Exercise data:
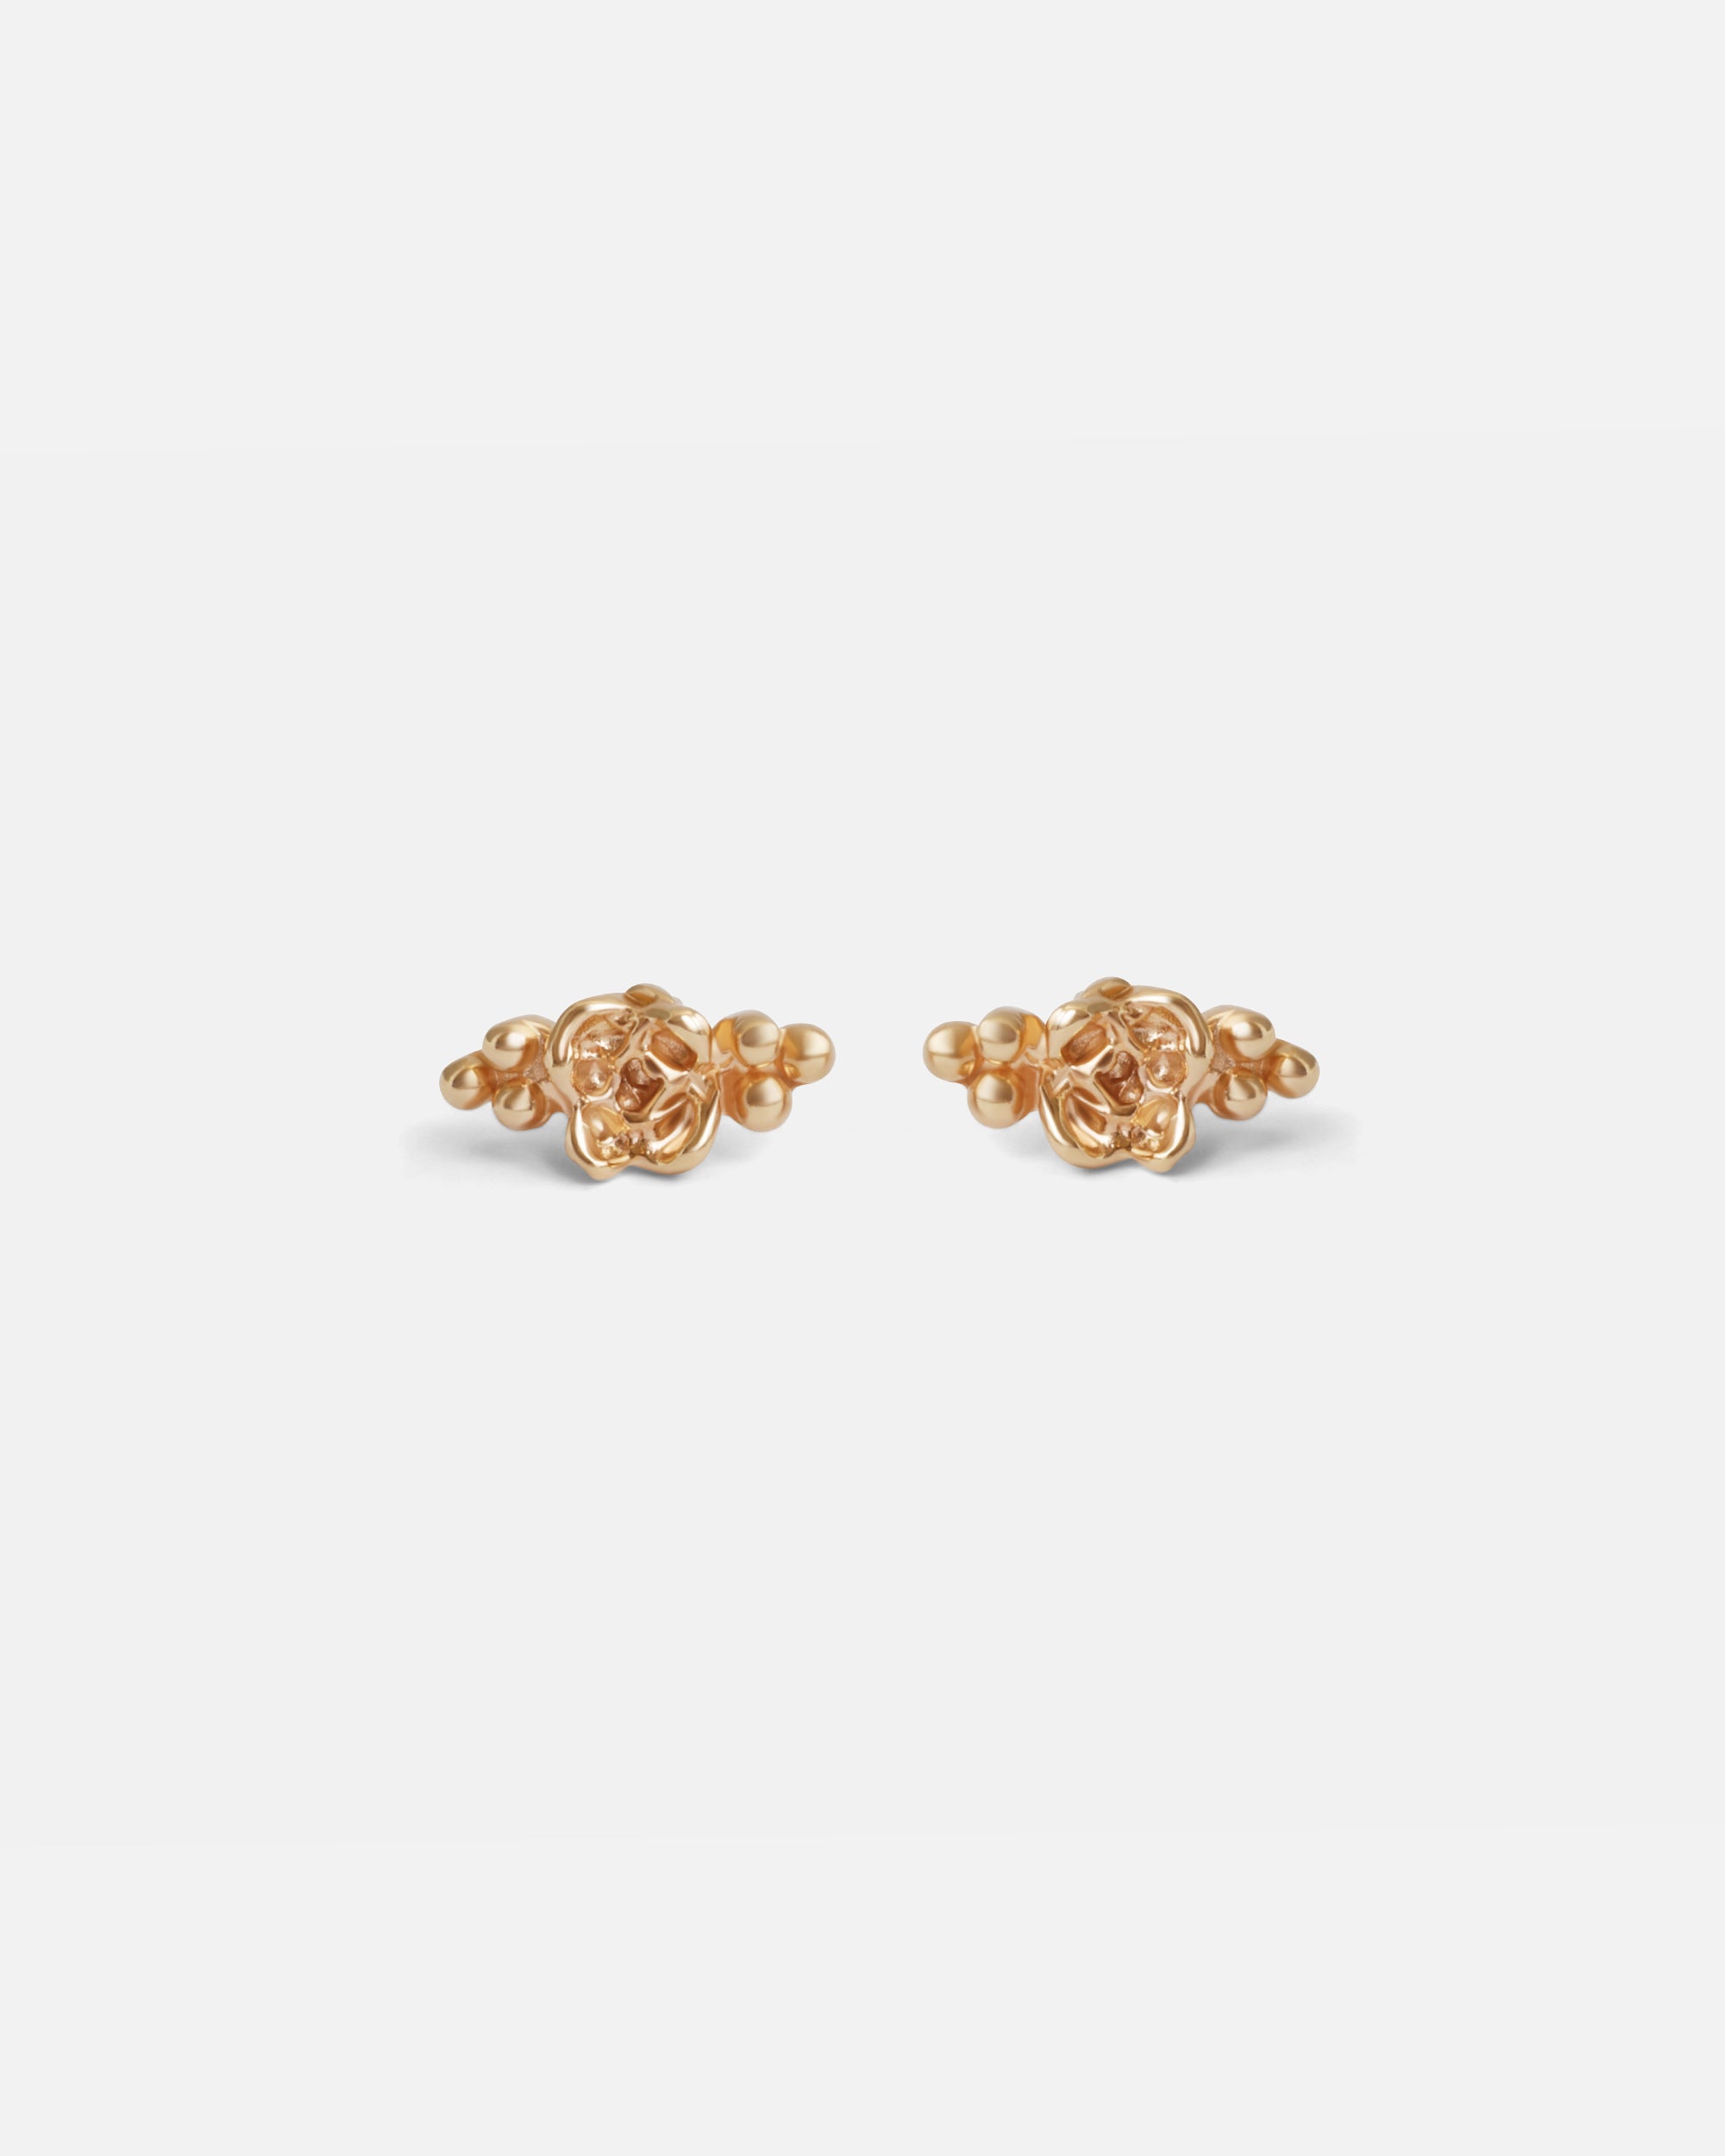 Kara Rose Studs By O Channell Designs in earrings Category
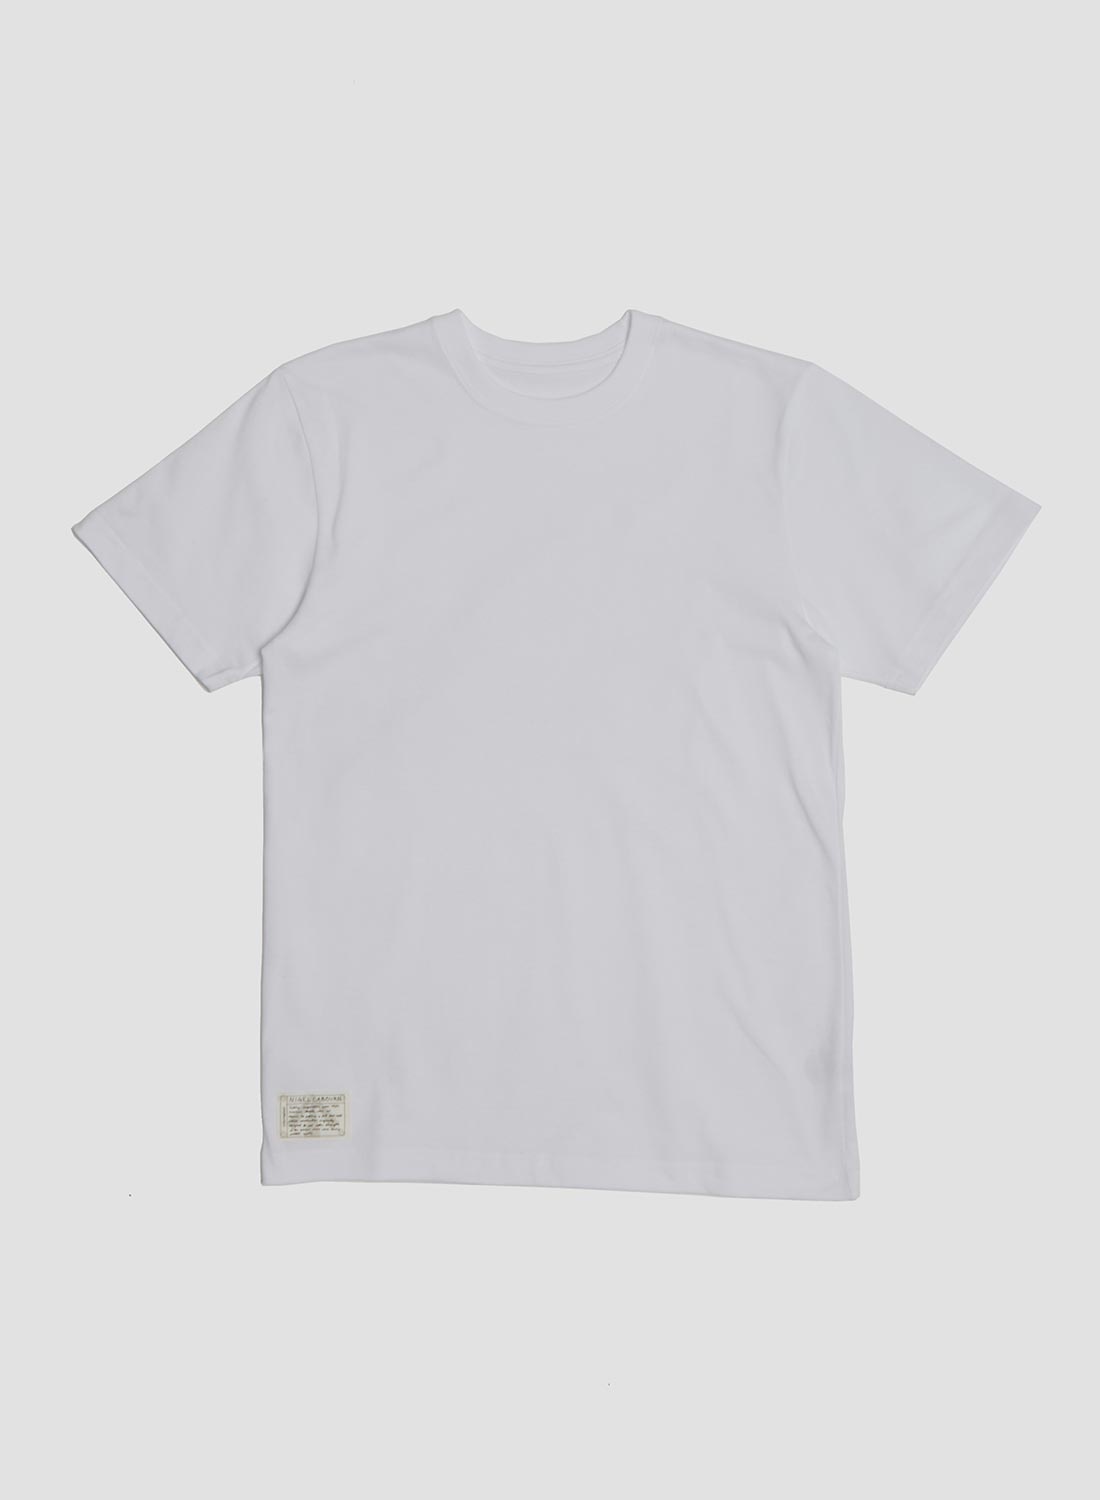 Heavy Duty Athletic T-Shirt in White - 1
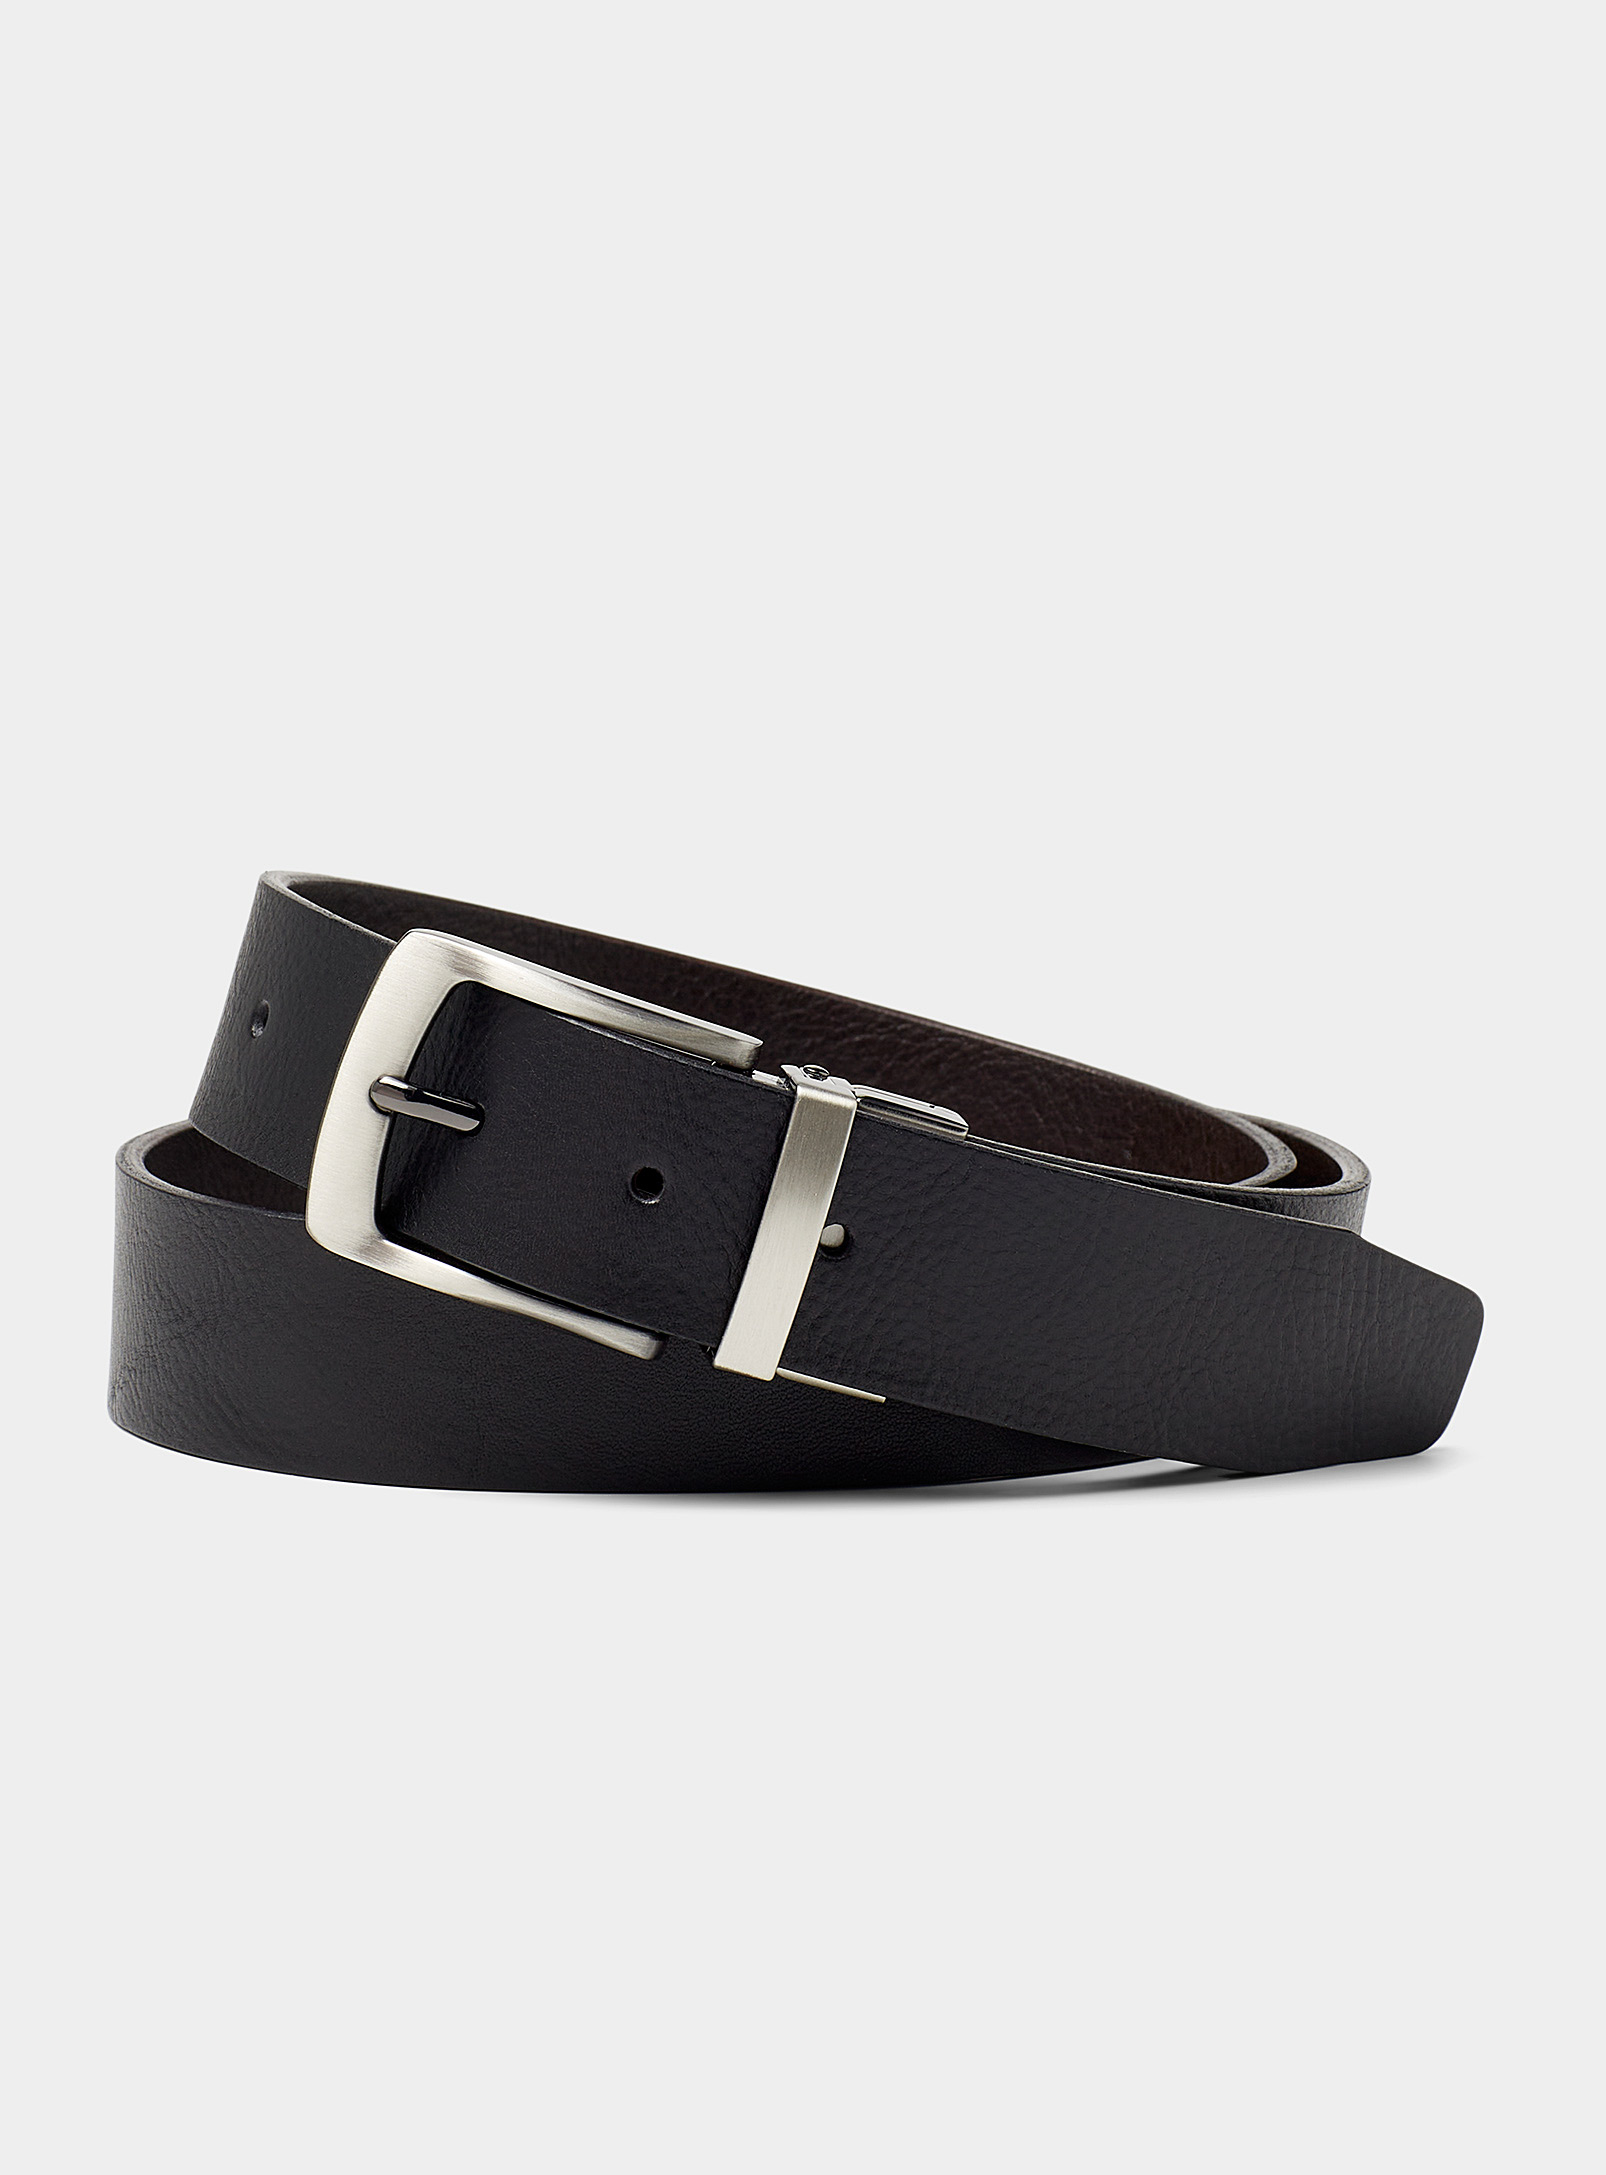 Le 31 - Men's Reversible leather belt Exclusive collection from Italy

Work order: Could you write out verbatim only those lines that run from the line containing "Heavy Duty Athletic T-Shirt in White - 1" through the end of the listing above, both included, without the pictures?

Exercise answer:
 Heavy Duty Athletic T-Shirt in White - 1
 Le 31 - Men's Reversible leather belt Exclusive collection from Italy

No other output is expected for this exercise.